Large Language Models Fall Short in Breast Imaging Classification
FRIDAY, May 10, 2024 (HealthDay News) -- Large language models (LLMs) appear to fall short in classification of breast imaging, which can have a negative impact on clinical management, according to a study published online April 30 in Radiology.
Andrea Cozzi, M.D., Ph.D., from the Ente Ospedaliero Cantonale in Lugano, Switzerland, and colleagues examined the agreement between human readers and LLMs for Breast Imaging Reporting and Data System (BI-RADS) categories assigned based on breast imaging reports written in three languages (Italian, English, and Dutch) in a retrospective study. Using only the findings described by the original radiologists, board-certified breast radiologists and the LLMs, including GPT-3.5, GPT-4 (OpenAI), and Bard, now known as Gemini, were assigned BI-RADs categories. Agreement between human readers and LLMs was assessed using the Gwet agreement coefficient (AC1 value).

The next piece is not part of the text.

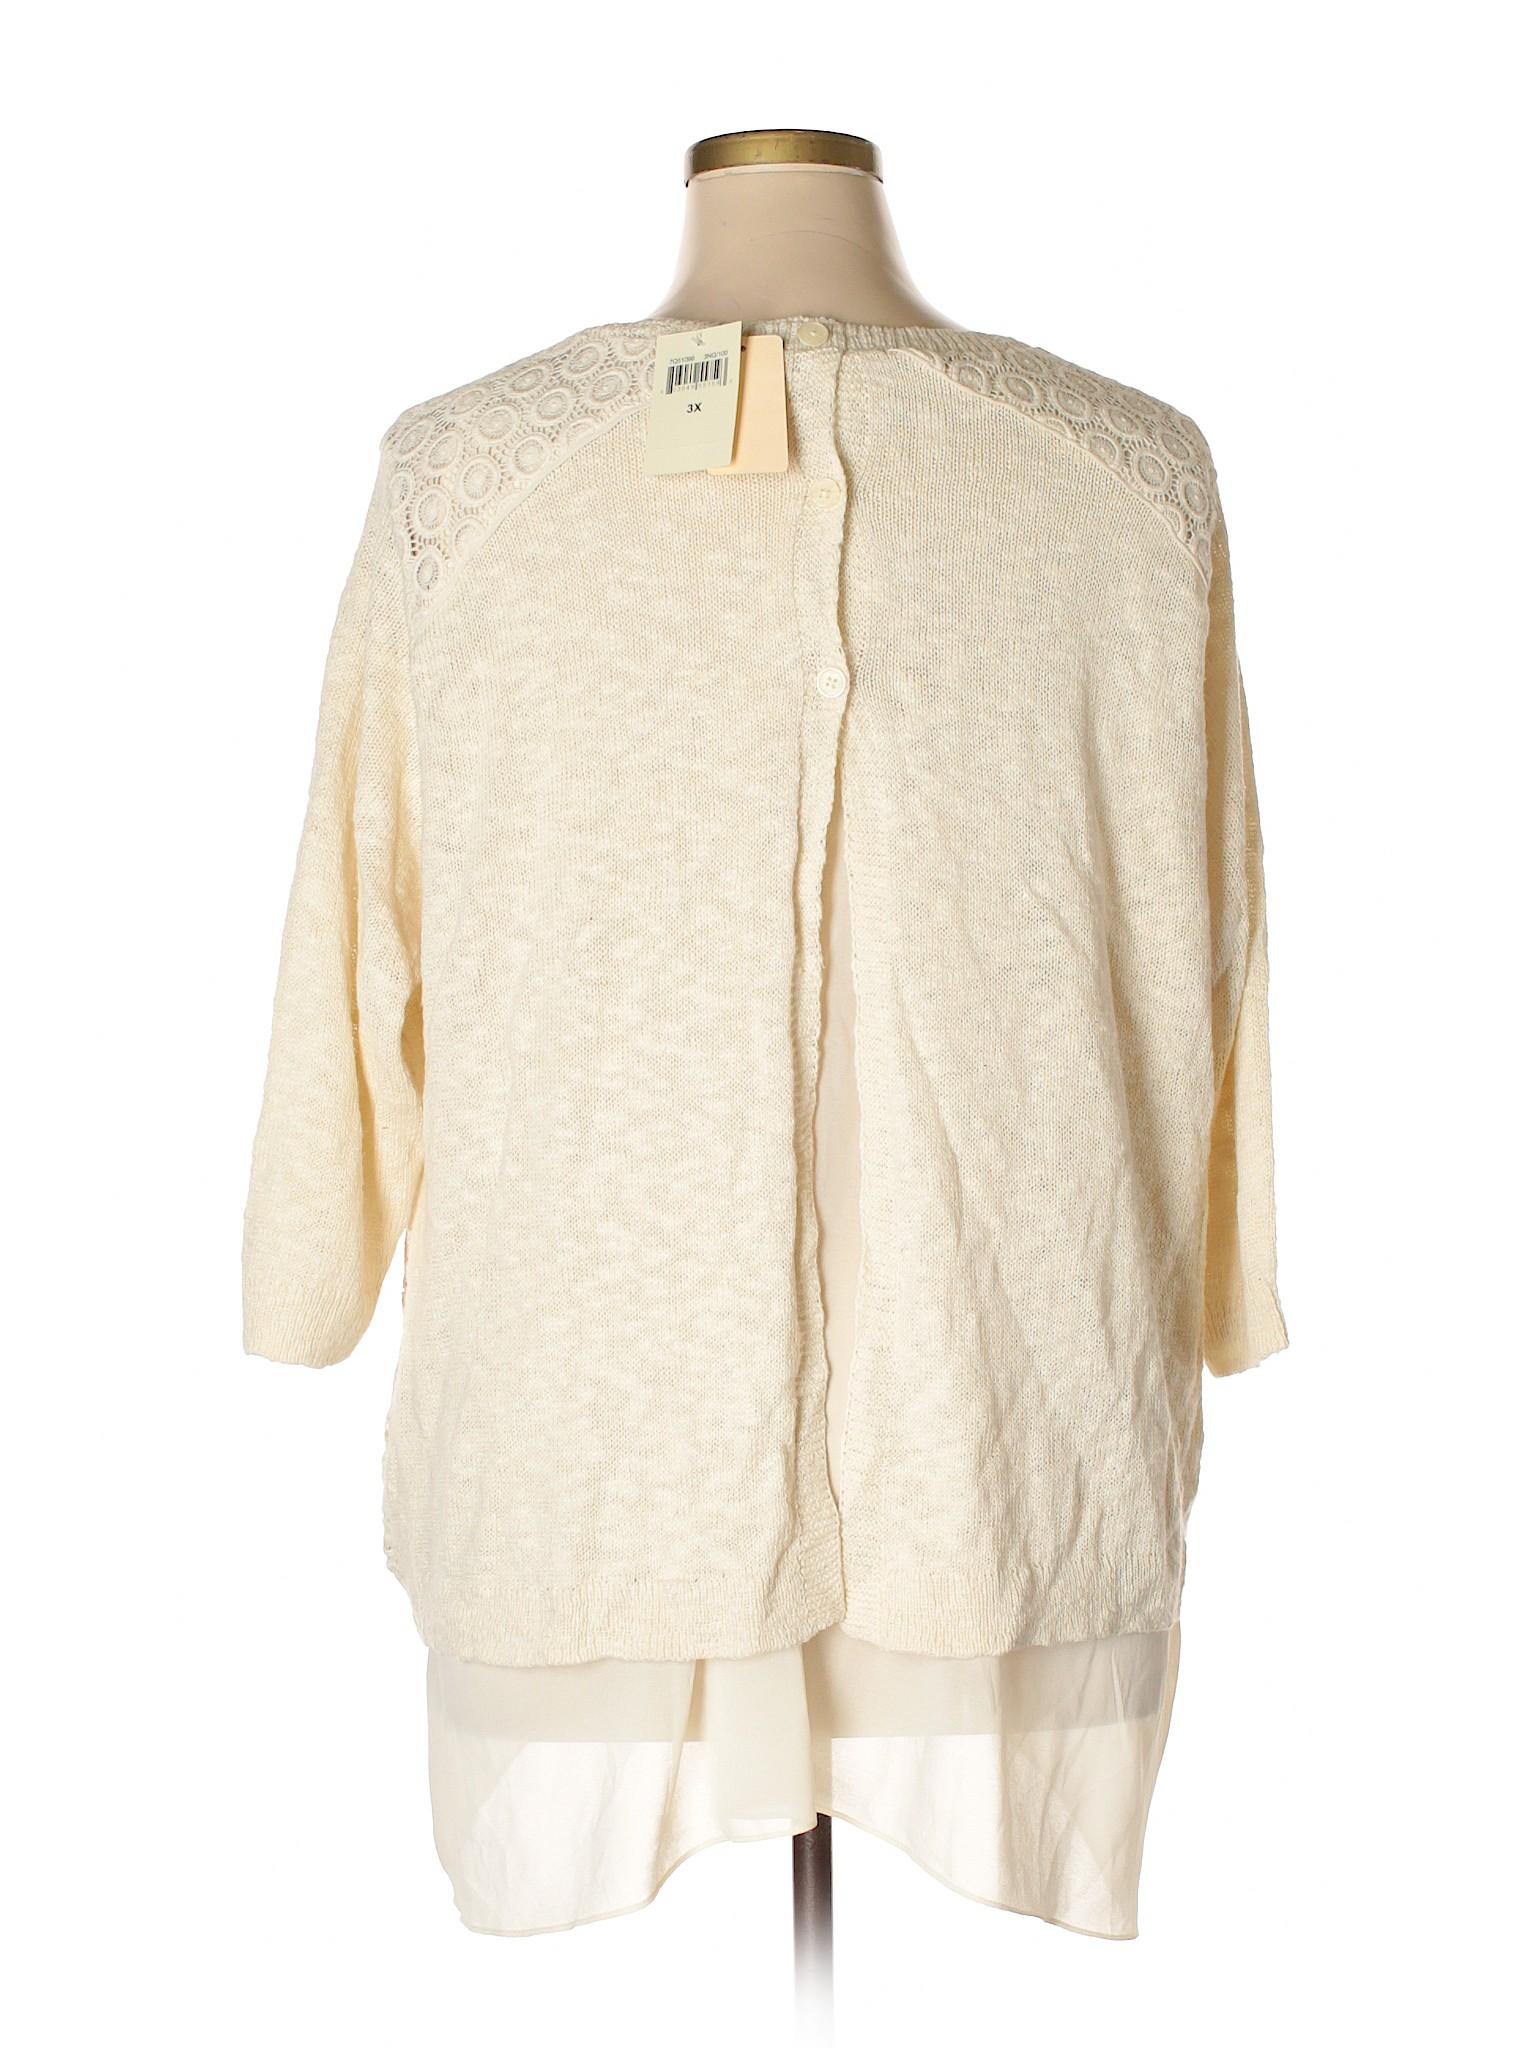 Lucky winter Sweater Pullover Brand Boutique BRTwqxz6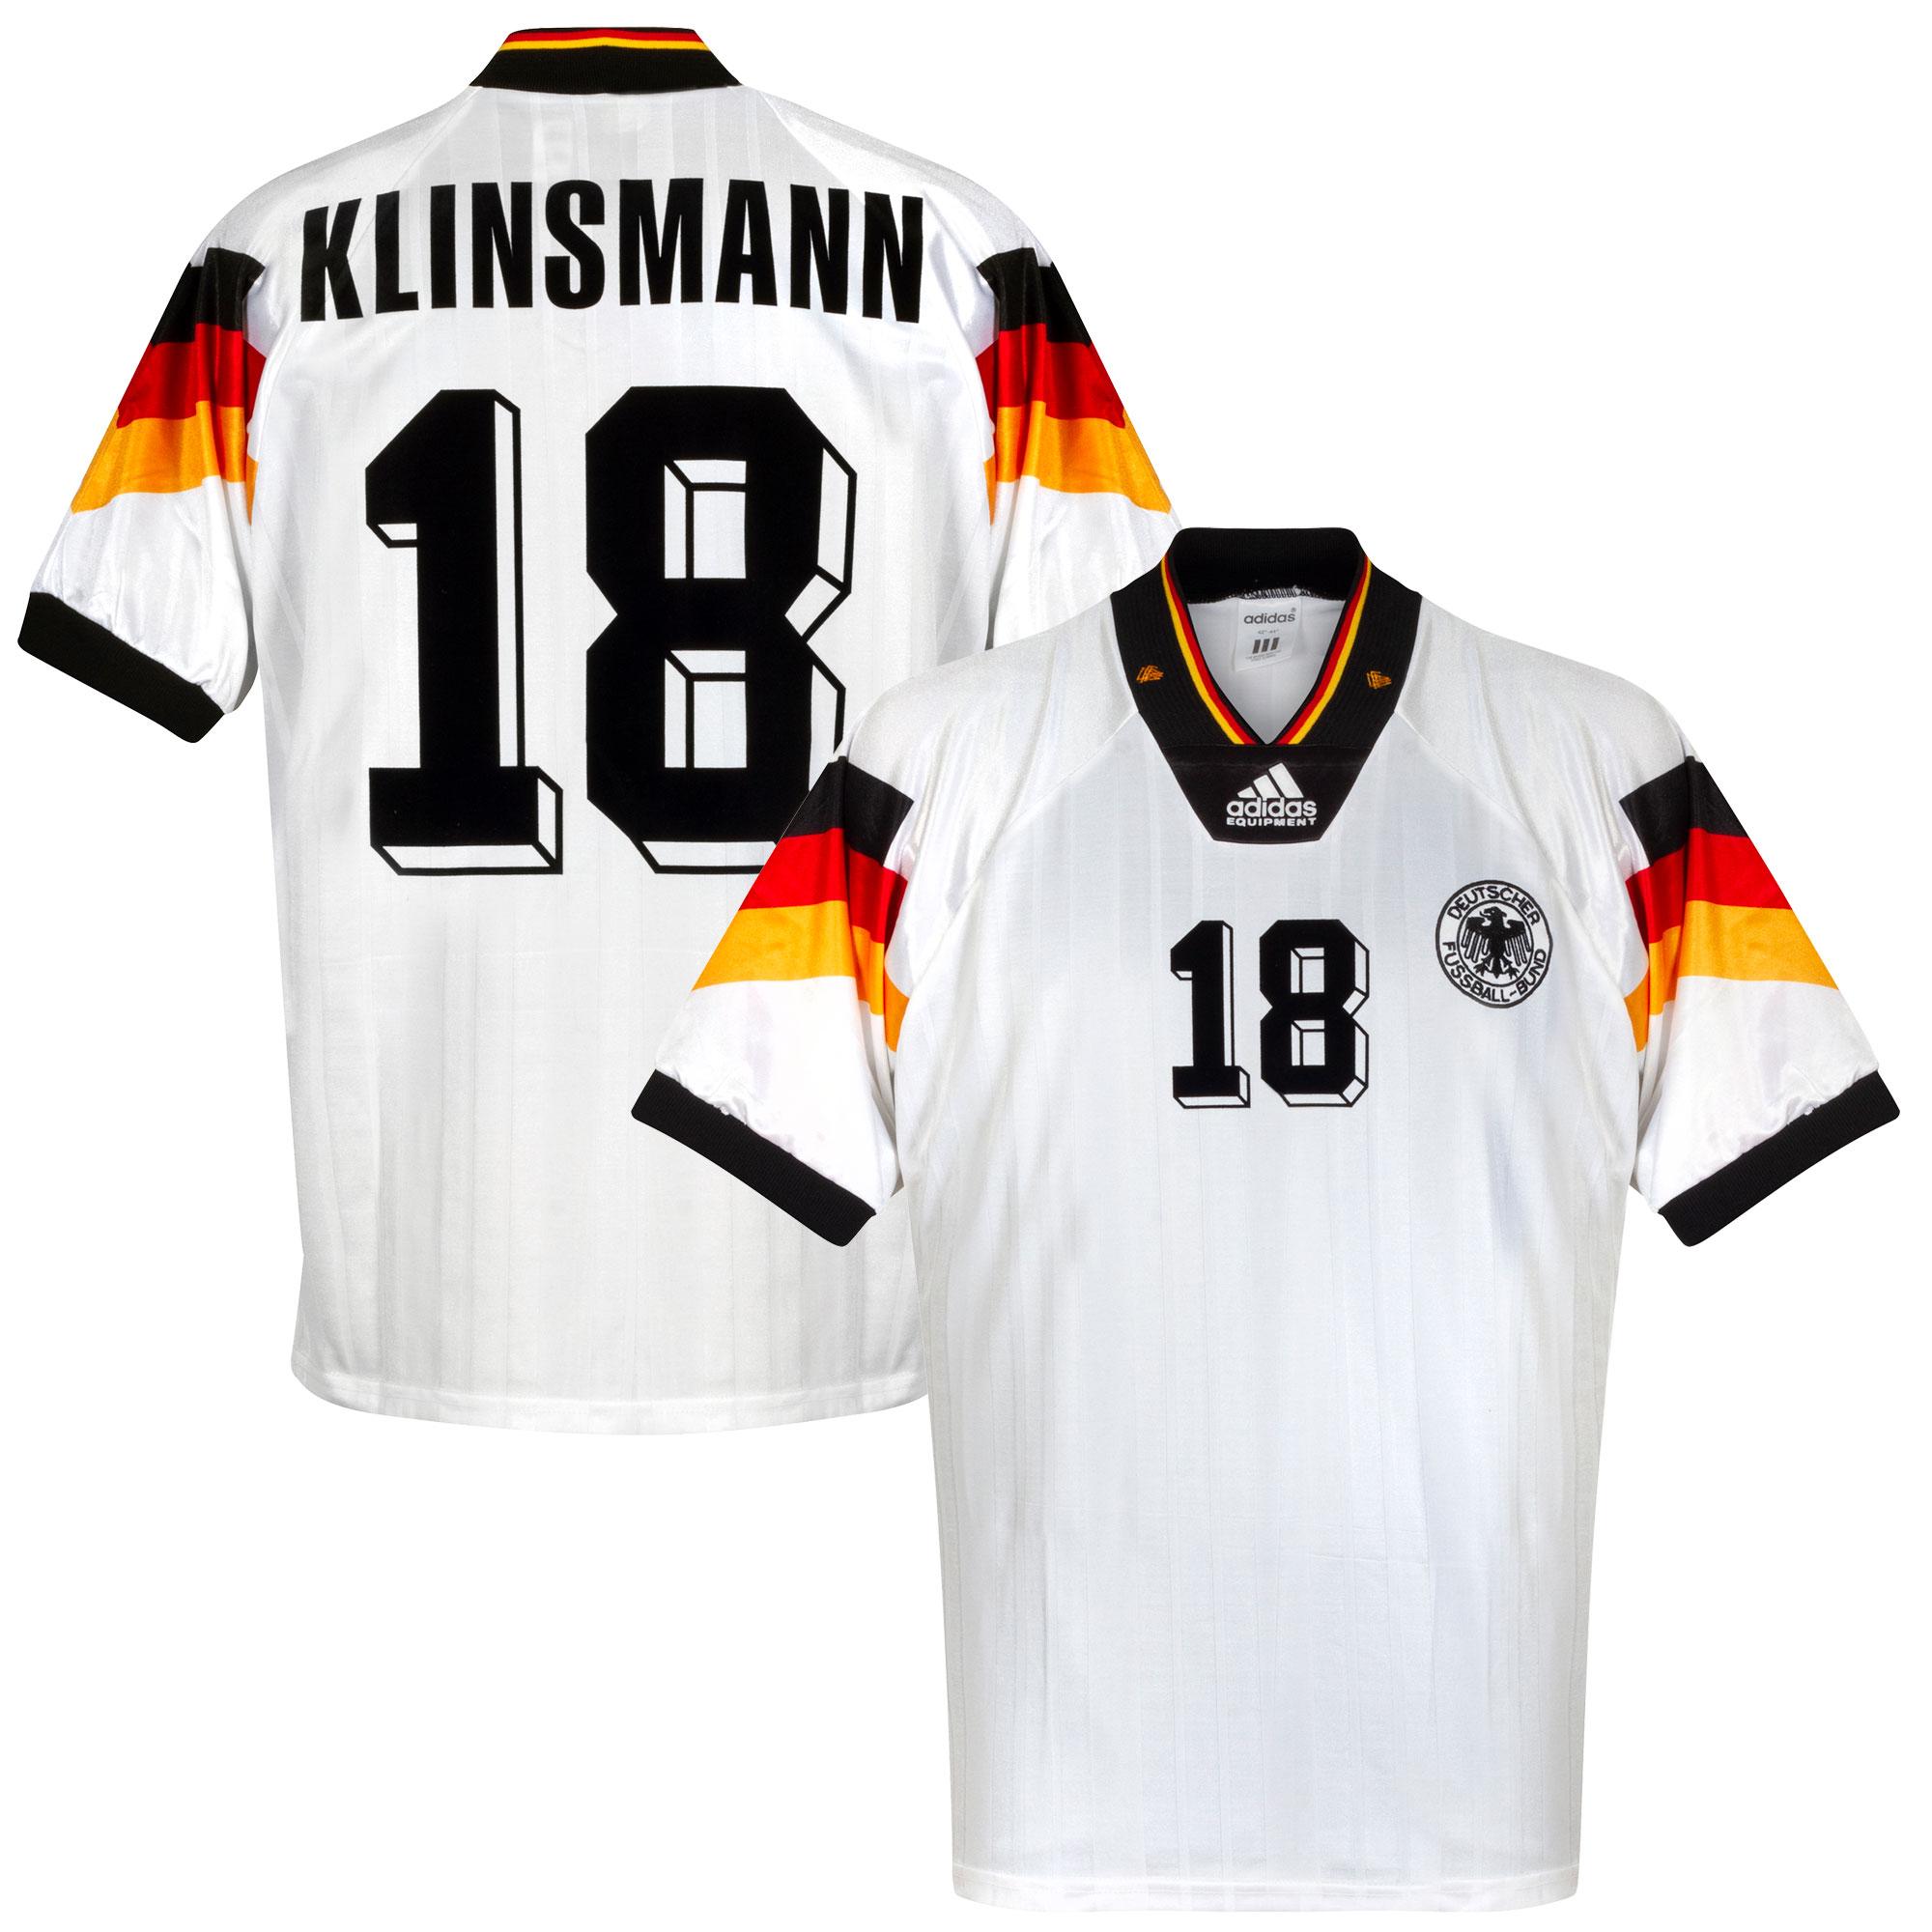 adidas Germany 1992-1994 Home Klinsmann 18 Shirt - USED Condition (Good) - Size L

The researchers observed almost perfect agreement between the original and reviewing radiologists across 2,400 reports (AC1, 0.91), while moderate agreement was seen between the original radiologists and GPT-4, GPT-3.5, and Bard (AC1, 0.52, 0.48, and 0.42, respectively). Differences were observed in the frequency of BI-RADS category upgrades or downgrades that would result in alterations in clinical management across human readers and LLMs (4.9 percent for human readers versus 25.5, 23.9, and 18.1 percent for Bard, GPT-3.5, and GPT-4, respectively) and that would negatively impact clinical management (1.5 percent versus 18.1, 14.3, and 10.6 percent, respectively).
"The results of this study add to the growing body of evidence that reminds us of the need to carefully understand and highlight the pros and cons of LLM use in health care," Cozzi said in a statement.
Several authors disclosed ties to the pharmaceutical and health technology industries.